What Crisis?

President Obama needs every vote he can get in the House of Representatives for health care this week. So it would not do to have some of his best friends on the Hill think that there is a crisis in U.S.-Israeli relations right now. Asked directly by FOX News' Bret Baer if the recent diplomatic storm is a crisis, the president said no. He spoke of the decision by a mid-level Interior Ministry official in Jerusalem to allow housing units to be built in the Jewish section of the city. "Not helpful" is how the president described the routine issuance of a building permit.


Who knew? Never before had even the volatile Palestinians violently protested against more apartments being built for Jews in the Jewish quarter.

So what's different? They're testing us. The Palestinians want to see how far they can press the Americans. They want to drive a wedge between the Obama administration and the coalition of Likud and right-wing parties that makes up the Israeli government of Prime Minister Benjamin Netanyahu.

The Palestinians know that Obama wants to "reach out" to Muslims. If they can cause enough trouble in Israel, they know that they can raise a hue and cry among their fellow Muslims just in time for Obama's big "Entrepreneurship Summit" with Muslims, slated for April 26-28 in Washington.

If they can incite Arab youths to a new "intifada," then the Palestinian Fatah faction, these political heirs of the terrorist Yassir Arafat, think that they might topple Netanyahu's coalition. If doing that, they hope to bring to power in Jerusalem an Israeli government more willing to hand over territory to meet insatiable Palestinian demands.

Israel is but a fraction of the size of the Arab world. There are more than 50 million Arabs whose dictatorial governments have used the plight of the Palestinians since 1948 to help them destabilize the Jewish State. Those Arab rulers may fear one another. They surely fear their own people. But if they can succeed in Jew-baiting, then they can distract their own peoples' attention from the endemic corruption and backwardness that afflict every Arab government without exception. Discounting the profits from their nationalized oil deposits, the entire Arab world has a GNP smaller than Denmark's.

To put the territorial dispute in perspective, the Arab world is a football field, and Israel is a matchbook. Yet any attempt by Israelis to build homes in Judea and Samaria -- regions that have long been the heart of the Jewish homeland -- is condemned by "world opinion."

President Obama does not feel that there's a crisis in U.S.-Israeli relations. But he does not live in Jerusalem. It's worth noting the impressions of left-wing correspondent Yossi Klein Halevi, who wrote this on the blog of the liberal New Republic.
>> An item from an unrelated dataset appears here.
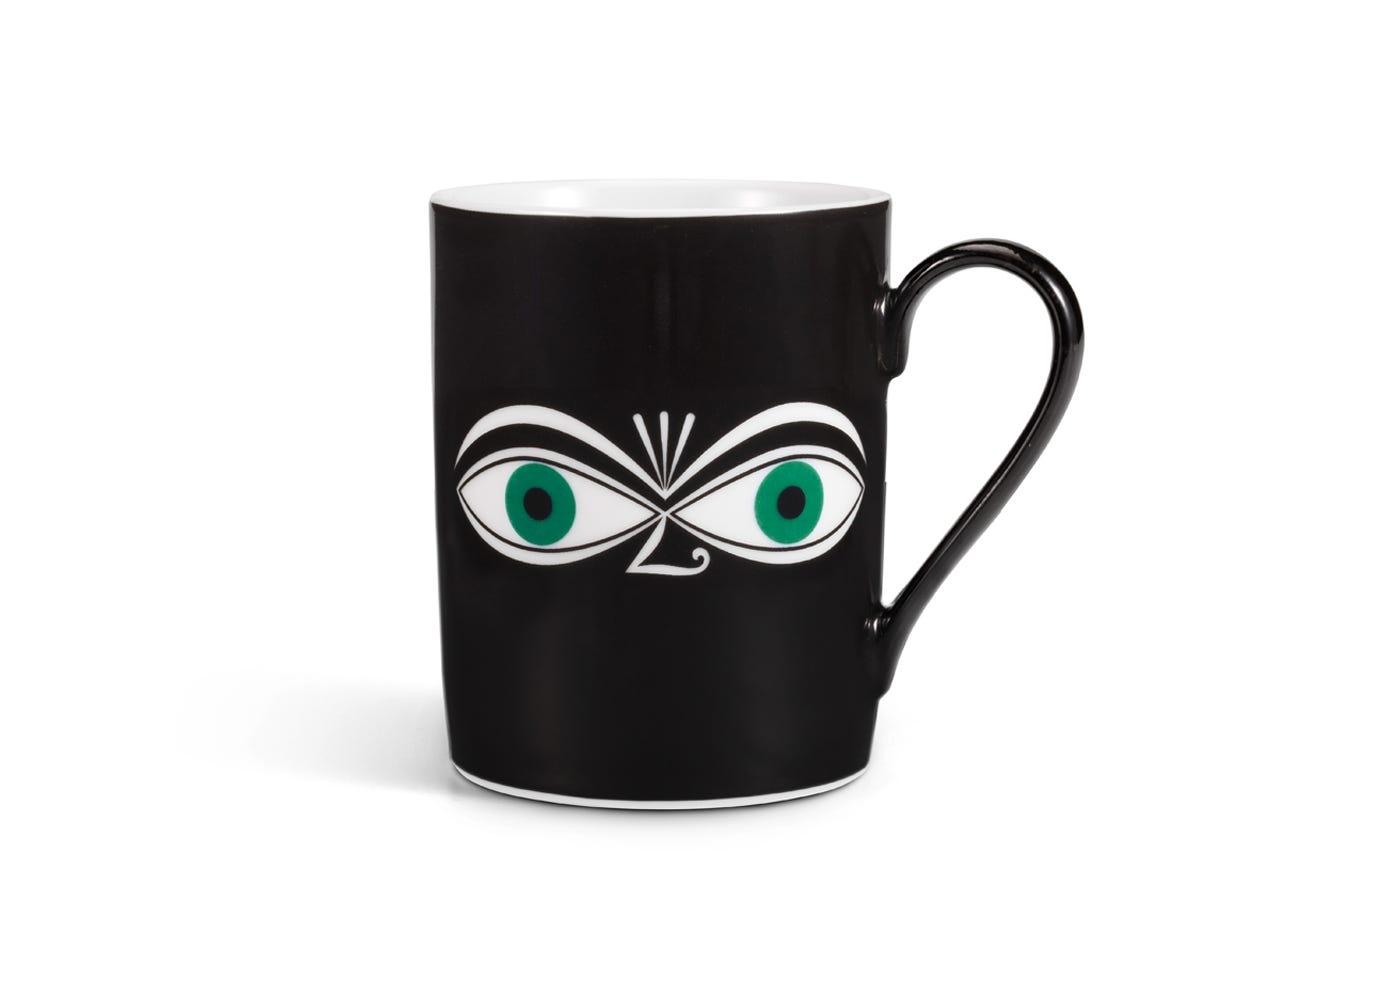 Coffee Mug Eyes Design by Alexander Girard in Green

JERUSALEM-Suddenly, my city feels again like a war zone. Since the suicide bombings ended in 2005, life in Jerusalem has been for the most part relatively calm. The worst disruptions have been the traffic jams resulting from construction of a light rail, just like in a normal city. But now, again, there are clusters of helmeted border police near the gates of the Old City, black smoke from burning tires in the Arab village across from my porch, young men marching with green Islamist flags toward my neighborhood, ambulances parked at strategic places ready for this city's ultimate nightmare.

The return of menace to Jerusalem is not because a mid-level bureaucrat announced stage four of a seven-stage process in the eventual construction of 1,600 apartments in Ramat Shlomo, a Jewish neighborhood in northeast Jerusalem. Such announcements and building projects have become so routine over the years that Palestinians have scarcely responded, let alone violently.

What we saw was a building permit, not anything remotely resembling a "settlement." The Obama administration has been pressuring Israel not to expand outside Jerusalem.

Now, they're tightening the tourniquet. They even want to restrict Jews' ability to live and breathe inside Jerusalem. The Obama administration has apparently internalized the view that Jews are somehow an alien presence in their own country. Throughout recorded history, there has never been a time when there were no Jews in Jerusalem.

President Obama told Bret Baier that when Palestinians rioted against a synagogue in Jerusalem, "we condemned them in the same way." In the same way. Talk about moral equivalence. With this administration, moral equivalence would be an improvement. They equate the issuance of a building permit to Jews by Jews for the peaceful construction of an apartment complex with murderous young Arab rioters going after houses of worship.

It is not right that Yossi Halevi should feel besieged in the capital of his own country. Surely, it is not right that Jerusalem should be once again a combat zone. This is especially true when, as Christians and Jews, we are called upon to pray for the peace of Jerusalem. You would think a that Peace Prize laureate would know that.

Ken Blackwell is a senior fellow at the Family Research Council. He served as United States Ambassador to the United Nations Human Rights Commission.